Бруски. Книга III | страница 29



– Машина, а не лошадь. Паровоз! А ты – продать. Гляди, твоя воля. А я бы за такую лошадь жизнь на кон поставил. Пра!

– Твоя жизнь и того не стоит, – задрал его Плакущев и окинул взглядом село Полдомасово.

Село лежало на берегу реки, расхлестываясь лохматыми, в весеннем навозе, улицами – длинными и изогнутыми. С концов улицы, усыпанные маленькими хибарками, сгорбленными плетешками, казались тощими, но ближе к центру они толстели шатровыми домами, поблескивали на солнце железными, черепичными крышами, разукрашенными вензелями на окнах… И со всех сторон в центр, где на бугристой базарной площади стояла. облупленная часовенка, катили подводы крестьян.

Сколько раз Плакущев смотрел на село вот с этого же изволока, и ни разу ему не приходило на ум такое сравнение, какое пришло теперь.

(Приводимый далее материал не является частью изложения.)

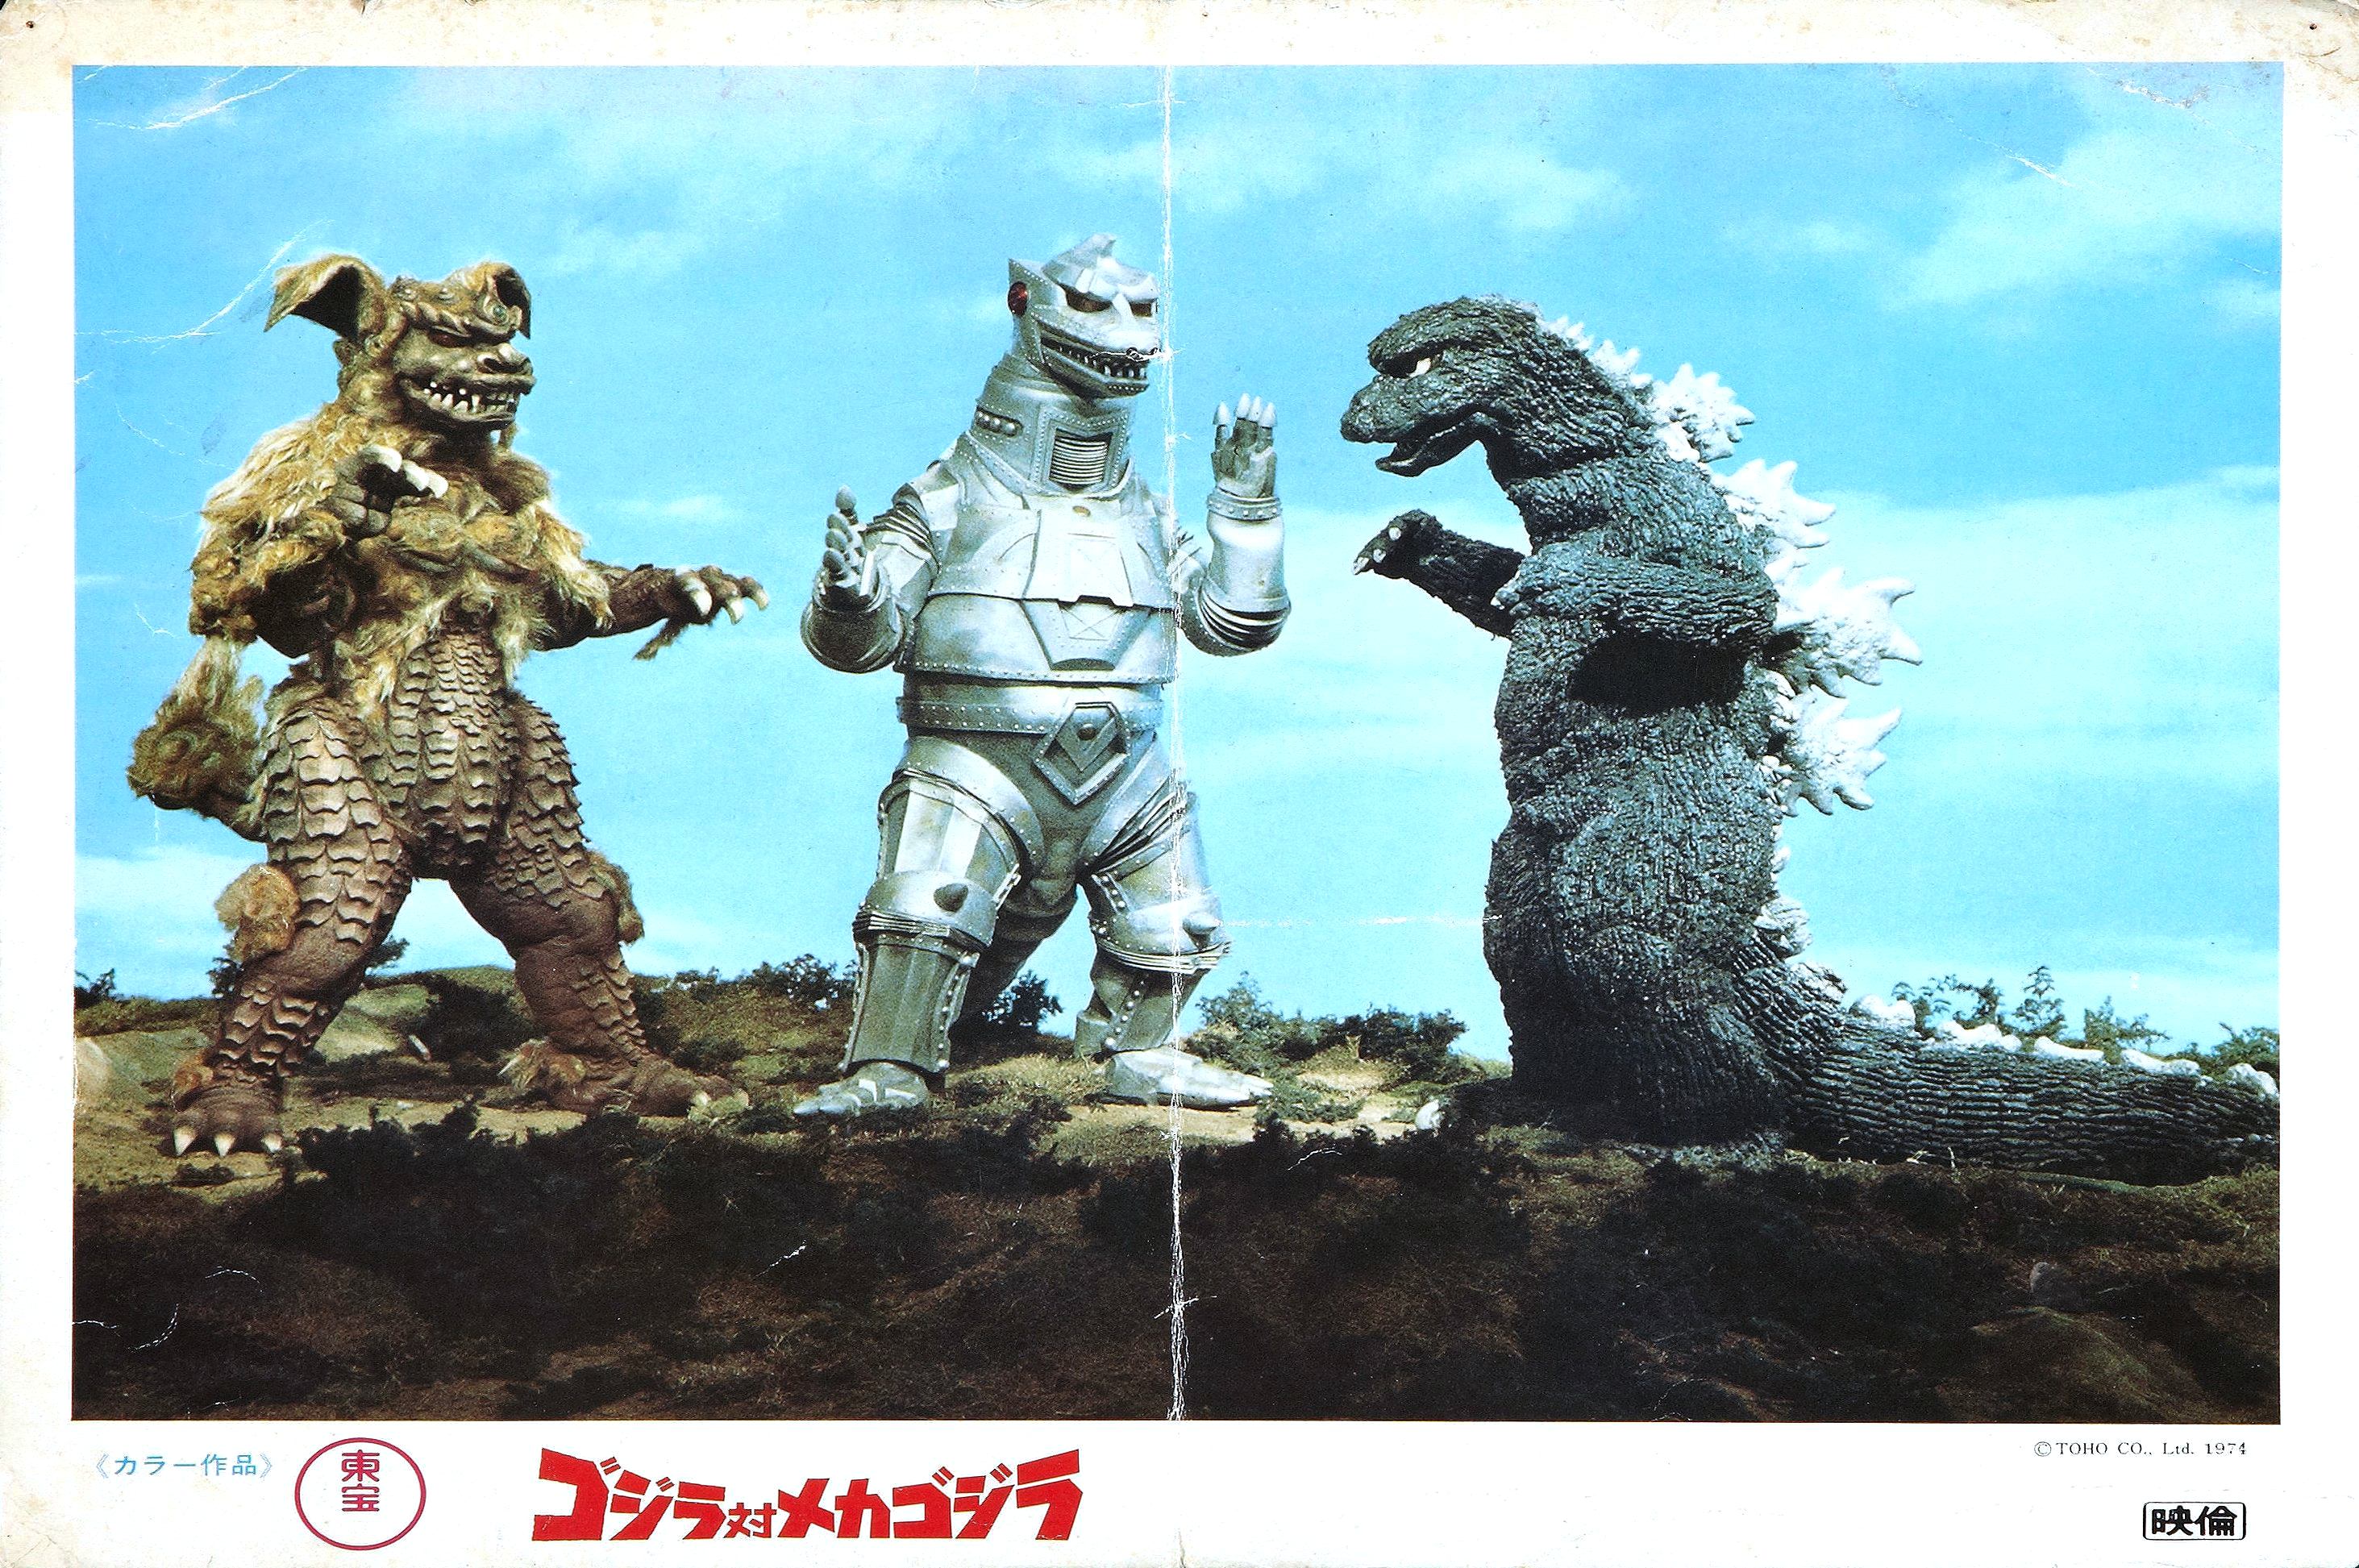 Poster for Godzilla vs. Mechagodzilla.

Однажды, идя полем из Полдомасова, он заметил, как через дорогу' перебежал тарантул. Был он слишком крупен и рябоват. Плакущев остановился, отбросил его палочкой в сторону и удивился: с тарантула посыпались мелкие, с зернышко проса, тарантулята. Было их так много, что Плакущев, пораженный плодовитостью тарантула, принялся считать тарантулят, глядя, как они снова взбираются на тарантула – уже тощего, длинного, цвета стали. Вот и теперь село показалось ему тарантулом, а те, кто скакал, обгоняя друг друга, на базарную площадь, – тарантулятами.

«Фу… мирно врастут в социализм. Держи, – усмехнулся он, глядя то на село, то на скачущих мужиков, то на Никиту, на его рыжую бороду. – Вот Никита… его арканом не затащишь. Души, а он все шевелиться будет, к своему карману тянуть. А их вон сколько – все Никиты», – он повел взглядом на скачущих мужиков и разом почувствовал, как с него спала беспросветность и снова перед ним все ожило, заговорило, и он встряхнулся, сел поудобней, вытягиваясь так, словно ехал на смотр своих полков.

– Здрасте! Здорово! – кричал он, обгоняя мужиков, и шептал: – Тарантул жив! А этих тарантулят – как ни бей, тарантул новых народит. А они, большевики, – забывшись, заговорил он громко, – и норовят ему, тарантулу, в сердце… Вот наступит время – село убьют, сожгут избы, все перевернется. Наступит время.

– Села не будет, и нас не будет, и они подохнут, – ввязался Никита.

– Аль чего я сказал?

– А-ба-аа! Село, баишь, сожгут. И нас, стало быть, к хрену. А мы есть пуп земли. Кто кормить их будет? Газеткой ведь не наешься, а они… – Никита не закончил: они въехали в село, и в сумятице, базарной толчее ему пришлось придержать коня и, изворачиваясь, объезжать ряды торговцев.